In a recurrent neural network system, the neural network layer may be divided into a recurrent layer and a non-recurrent layer. For example, in the neural network system shown in fig. 4, the neural network system may obtain one output result of the neural network system by performing the calculation of the m cyclic layers and performing the calculation of the one acyclic layer, as shown in fig. 4. Wherein m is an integer greater than or equal to 2.
For example, in speech recognition, after acquiring a speech to be recognized, the neural network system performs m computations of "the first layer 302 to the fifth layer 310" to obtain an output result of the loop layer. In the first m-1 circulation processes, the calculation result of the fifth layer 310 and a speech frame are jointly used as input data of the first layer 302 in the next circulation process; after the mth loop process is calculated, the calculation result of the fifth layer 310 is used as the output result of the loop layer. The output result of the loop layer is output to the sixth layer 312, and after the sixth layer 312 performs calculation based on the output result of the loop layer, the output result of the neural network circuit, that is, the speech recognition result, is obtained.
3) Sub-layer of neural network layer
A neural network layer may include one or more neural network sub-layers. As an example, one neural network sublayer may be one operator or a plurality of operators (e.g., a plurality of operators with dependencies) in the neural network layer. Taking an example that a certain neural network layer is the gru layer, a calculation of the gru layer needs to be implemented based on a plurality of formulas, wherein each formula can be regarded as an operator, and each operator is a sub-layer of the neural network.
It can be understood that, if a neural network layer includes a neural network sublayer, the neural network layer and the neural network sublayer have the same concept, and they can be used interchangeably, and are not described herein in detail.
4) Dependency relationship
Two neural network layers having a dependency relationship means that input data of one neural network layer includes output data of the other neural network layer. For example, as shown in fig. 4, the output data of the first layer 302 is the input data of the second layer 304, and thus, the first layer 302 and the second layer 304 have a dependency relationship. The output data of the second layer 304 is the input data of the third layer 306, and the input data of the fifth layer 310 includes the output data of the second layer 304, so that the second layer 304 and the third layer 306 have a dependency relationship, and the second layer 304 and the fifth layer 310 also have a dependency relationship. Two neural network sub-layers having a dependency relationship means that input data of one neural network sub-layer includes output data of the other neural network sub-layer.

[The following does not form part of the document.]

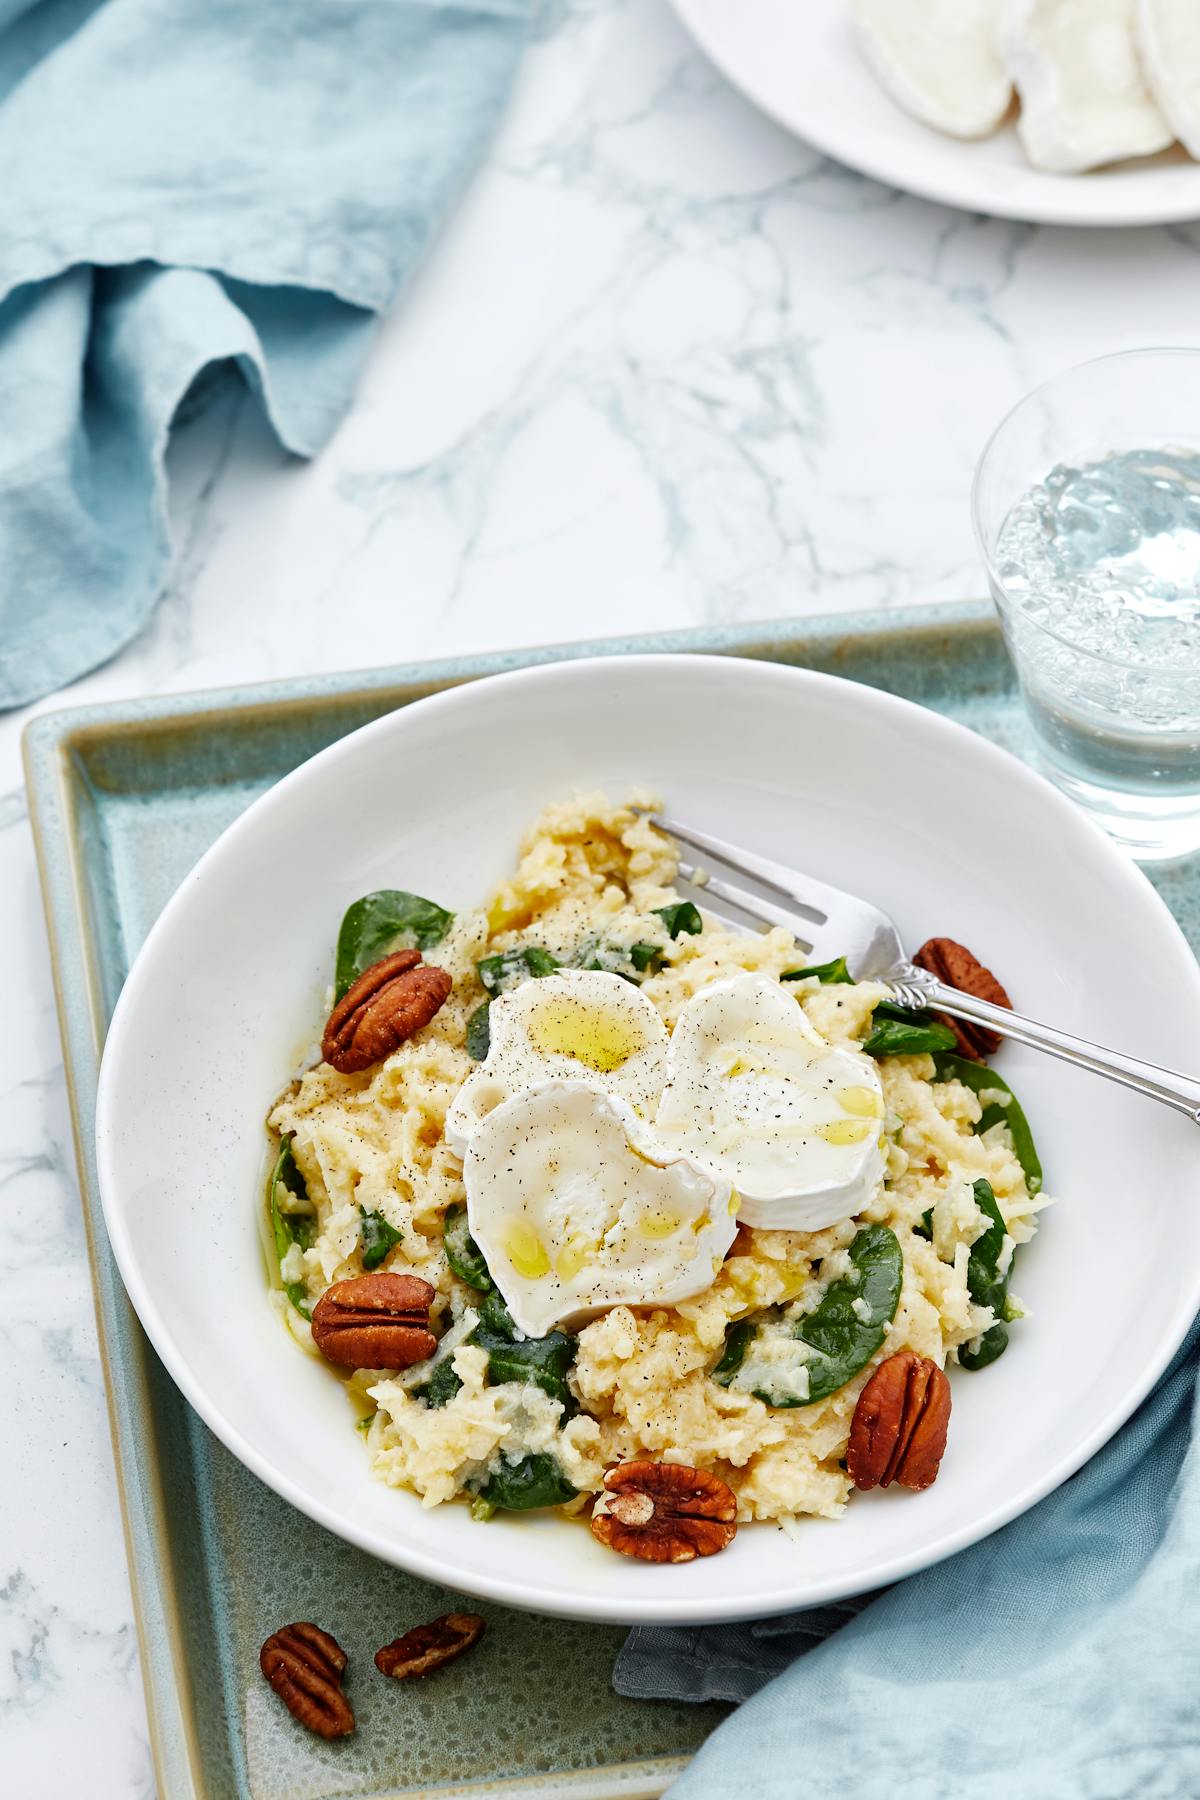 Creamy low-carb cauliflower risotto with spinach and goat cheese

5) An execution process, a cycle process, a sub-execution process
For convenience of description, in the embodiment of the present application, a process from when the neural network system acquires input data (for example, a piece of speech to be executed) at a time to when an output result of the neural network system is obtained based on the input data (for example, a speech recognition result of the piece of speech to be executed) is referred to as "an execution process" of the neural network system.
In one implementation of the neural network system, for the loop layer, a plurality of loop processes need to be performed, such as m loop processes based on the example in fig. 4, where "the first layer 302, the second layer 304, the third layer 306, the fourth layer 308, and the fifth layer 310" perform calculations in each loop process. For the acyclic layer, it is necessary to perform the acyclic process once, and as based on the example shown in fig. 4, the sixth layer 312 needs to perform the acyclic process 1 time.
During a loop, each neural network layer in the loop layer may perform one or more computations. For example, based on the example in fig. 4, during a loop, the first layer 302 performs 5 computations and then sends the results of the computations to the second layer 304. After the second layer 304 performs 1 calculation, the calculation results are sent to the third layer 306 and the fifth layer 310, respectively. After the third layer 306 performs 2 calculations, the calculation result is sent to the fourth layer 308. After the fourth layer 308 performs 2 calculations, the calculation results are sent to the fifth layer 310. After the fifth layer 310 performs 1 calculation, the loop process is ended.
It is understood that when m is 1, the neural network system includes the neural network layers that are all non-cyclic layers.
For convenience of description, in the embodiment of the present application, one execution process of the neural network system is divided into a plurality of sub-execution processes. Each of the first m-1 circulation processes of the circulation layer is a sub-execution process, and the mth circulation process of the circulation layer is taken as a sub-execution process together with the non-circulation process. For example, based on the example in fig. 4, assuming that m is 20, then each of the first 19 loop processes may be taken as one sub-execution process in which the first to fifth layers participate in the calculation; the 20 th loop process and the non-loop process collectively serve as a sub-execution process in which the first to sixth layers participate in the calculation.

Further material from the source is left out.